The earthquake caused the most damage in Izmir, Turkey’s third-largest city, with a population of nearly 3 million people. More than 20 buildings collapsed, the city’s governor said, and at least 70 people had to be pulled from the rubble.
There were no reported injuries to the 100 US military personnel currently stationed in Izmir, a spokesperson for NATO Allied Land Command told the Military Times.
The extent of the wreckage seems commensurate with the size of the earthquake. According to the US Geological Survey, an agency that monitors seismic activity around the world in real time, the quake started six miles below ground and triggered extensive flooding in Izmir.
In an interview with local media outlet NTV, Izmir Mayor Ismail Yetiskin said sea levels had risen following the quake: “There seems to be a small tsunami.” A video posted by the Daily Sabah, a Turkish news agency, showed floodwaters in a town near Izmir washing away furniture and other debris.
Turkey wasn’t the only nation hit. The impact of the earthquake was also felt in nearby Greece, where two teenagers lost their lives on the Greek island of Samos after a wall fell in on them. Samos was also inundated with flooding. Fortunately, it doesn’t look like the island or the country has suffered any further deaths.
Greek Prime Minister Kyriakos Mitsotakis called Turkish President Recep Tayyip Erdoğan to offer his condolences. “Whatever our differences” — a reference to Greece and Turkey’s decades-long history of conflict — “these are times when our people need to stand together,” he said.
I just called President @RTErdogan to offer my condolences for the tragic loss of life from the earthquake that struck both our countries. Whatever our differences, these are times when our people need to stand together.
— Prime Minister GR (@PrimeministerGR) October 30, 2020
Turkey and Greece are located on or near many active fault lines, so earthquakes are fairly common in the region. The area within 150 miles of where today’s quake struck has seen more than 29 earthquakes of a 6.0 or greater magnitude in the past 100 years.
As Vox’s Umair Irfan has explained, earthquakes can quickly arise on faults like these:
An earthquake occurs when massive blocks of the earth’s crust suddenly move past each other. These blocks, called tectonic plates, lie on top of the earth’s mantle, a layer that behaves like a very slow-moving liquid over millions of years.

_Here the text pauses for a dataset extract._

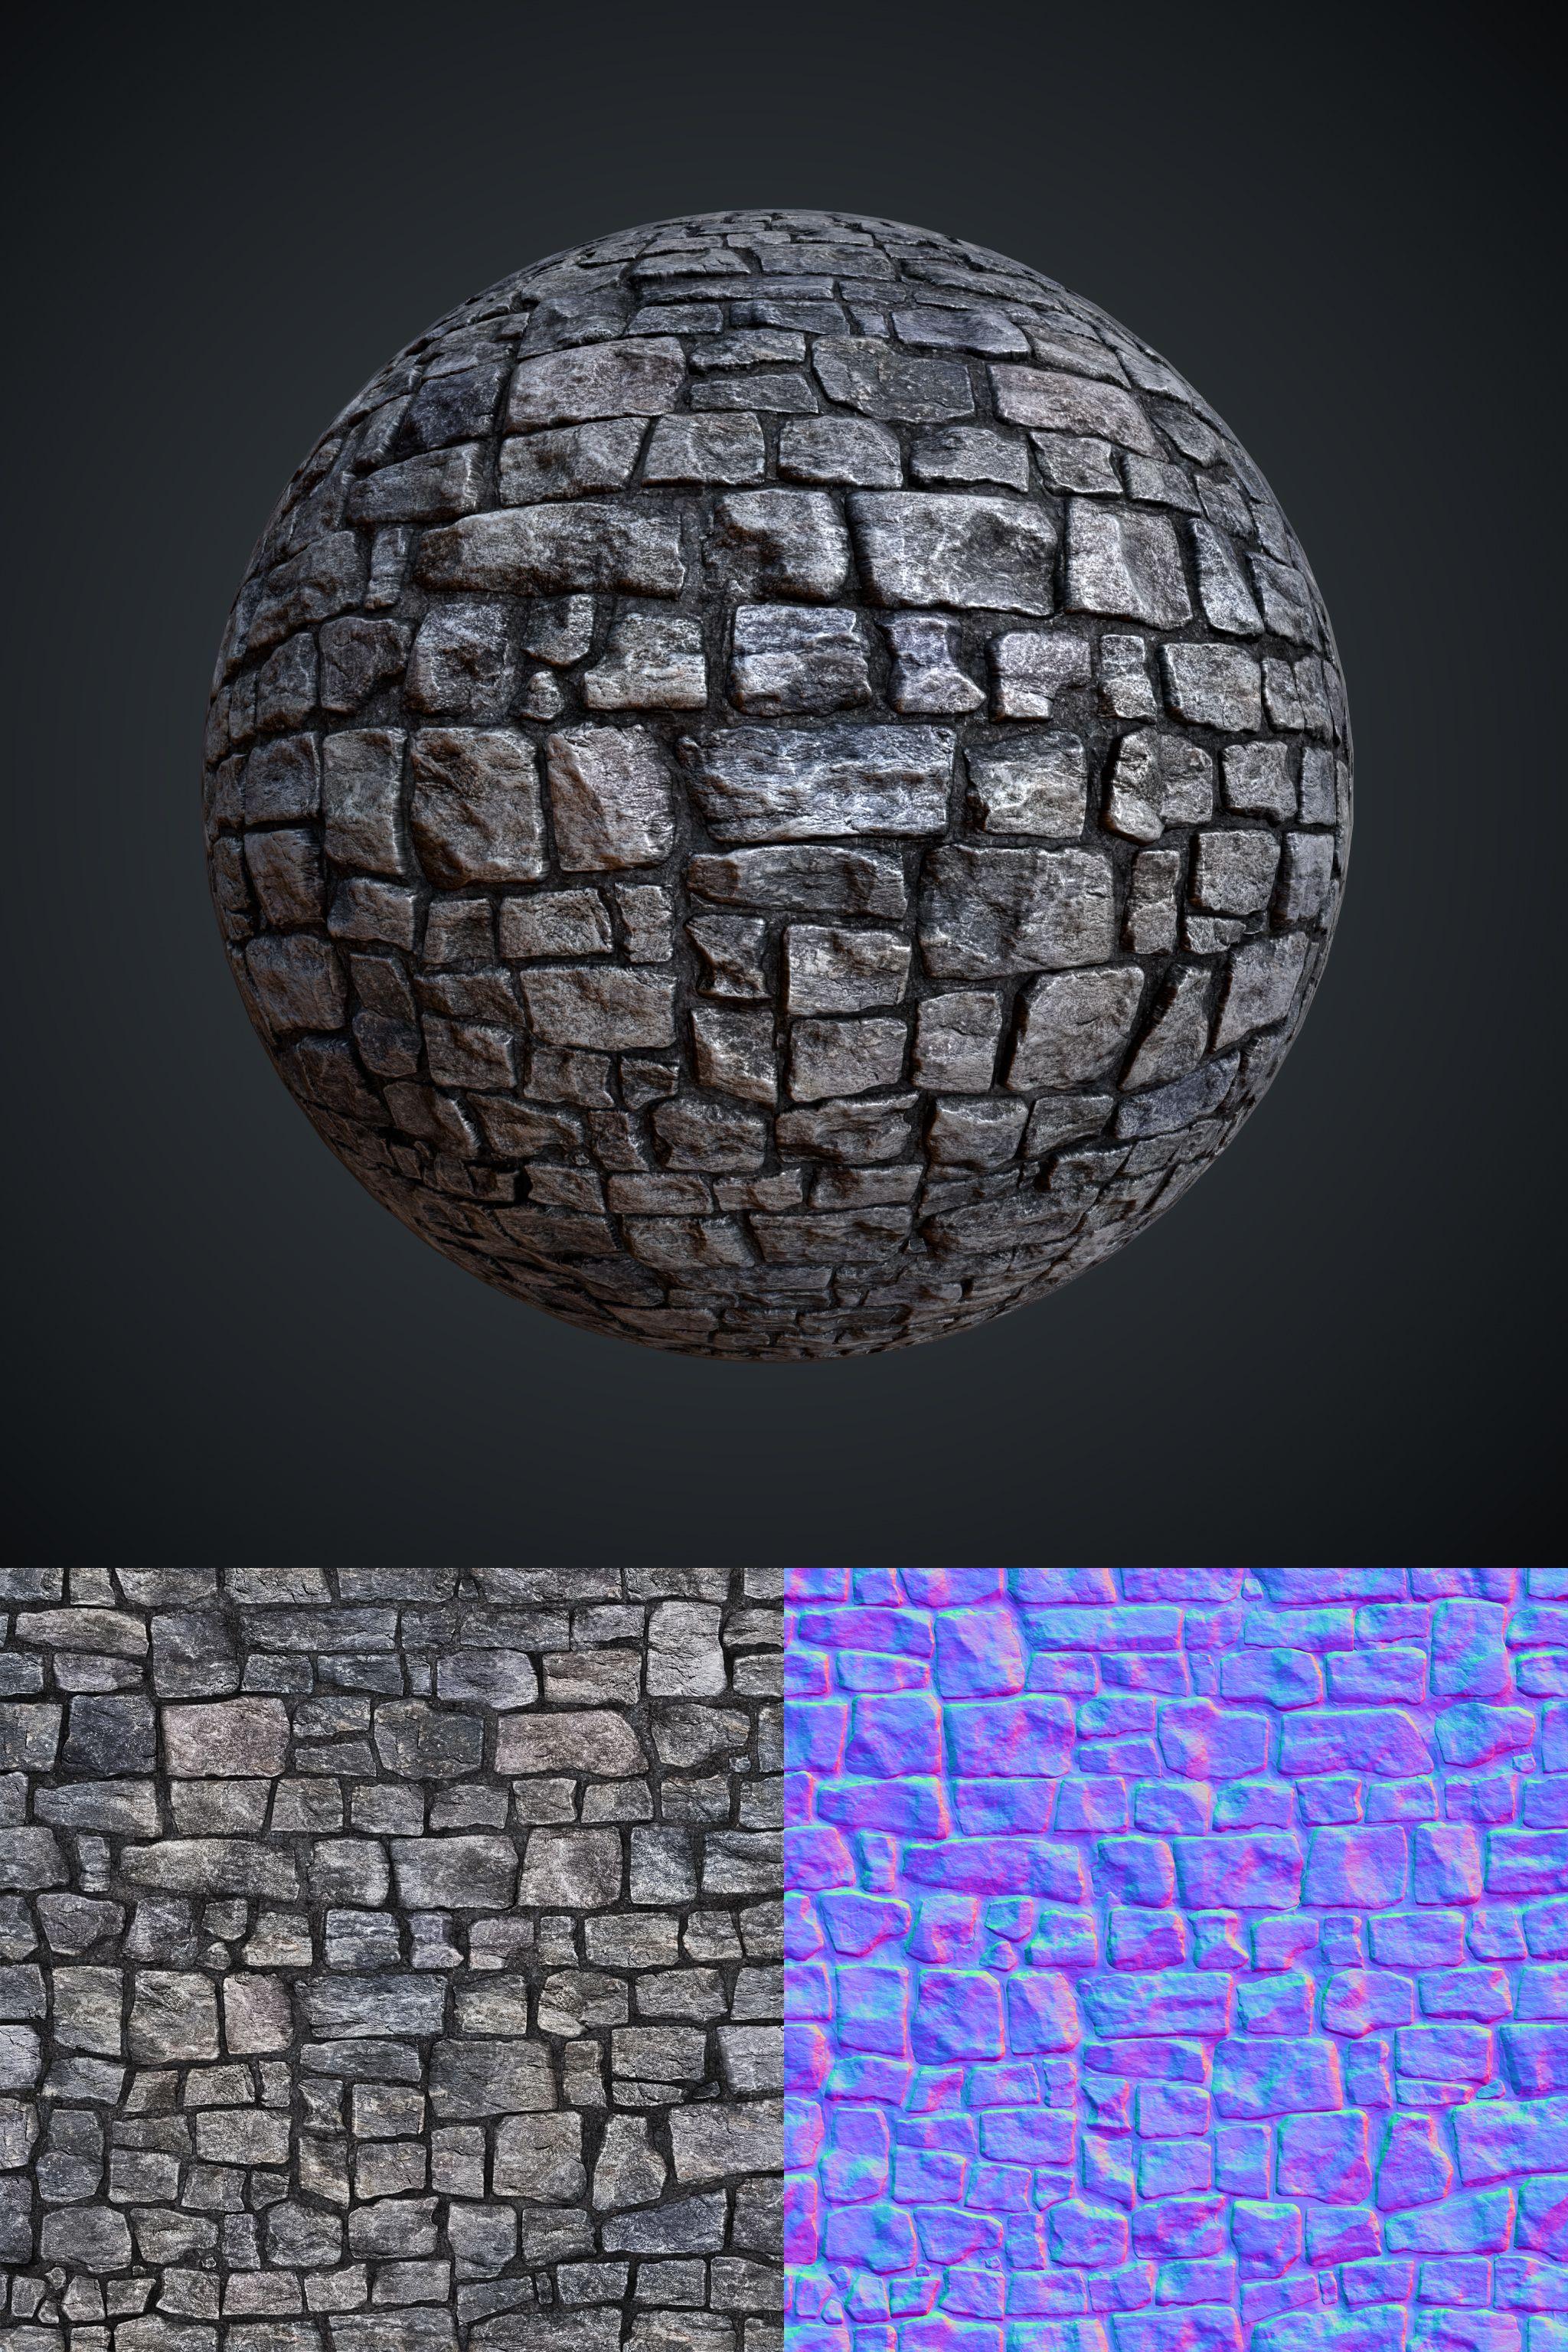 stone_wall_by_leonid_kd76d9ps.jpg (2048×3072) Blender
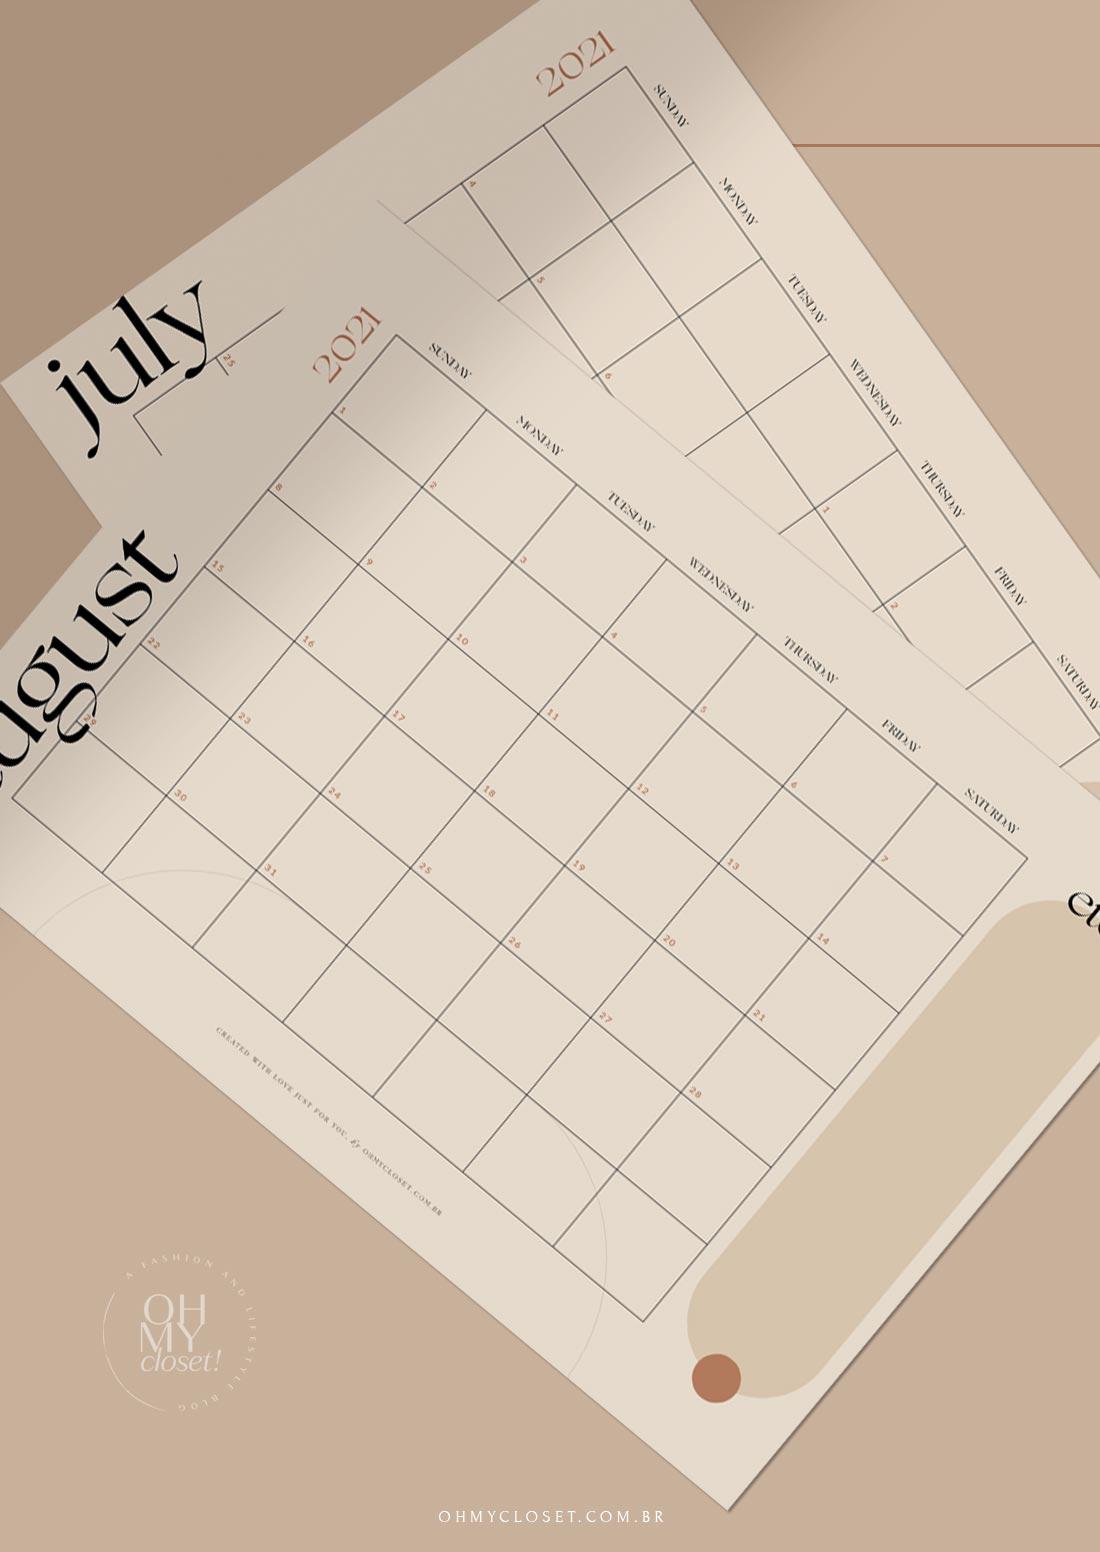 Detalhe do planner modern minimalist em inglês.

That means tectonic plates jostle each other over time. They can also slide on top of each other, a phenomenon called subduction.
The places on the planet where one plate meets another are the most prone to earthquakes. The specific surfaces where parcels of earth slip past each other are called faults.
The most recent major earthquake to hit Turkey occurred in January in the country’s eastern province of Elzaig, killing more than 30 people. The last earthquake of a similar strength to today’s quake to hit Greece occurred in the Ionian Sea in October 2018, causing damage to buildings; no injuries were reported.
But while Turkey and Greece are unfortunately used to dealing with natural disasters, that doesn’t make Friday’s earthquake, or the recovery efforts still underway, any easier.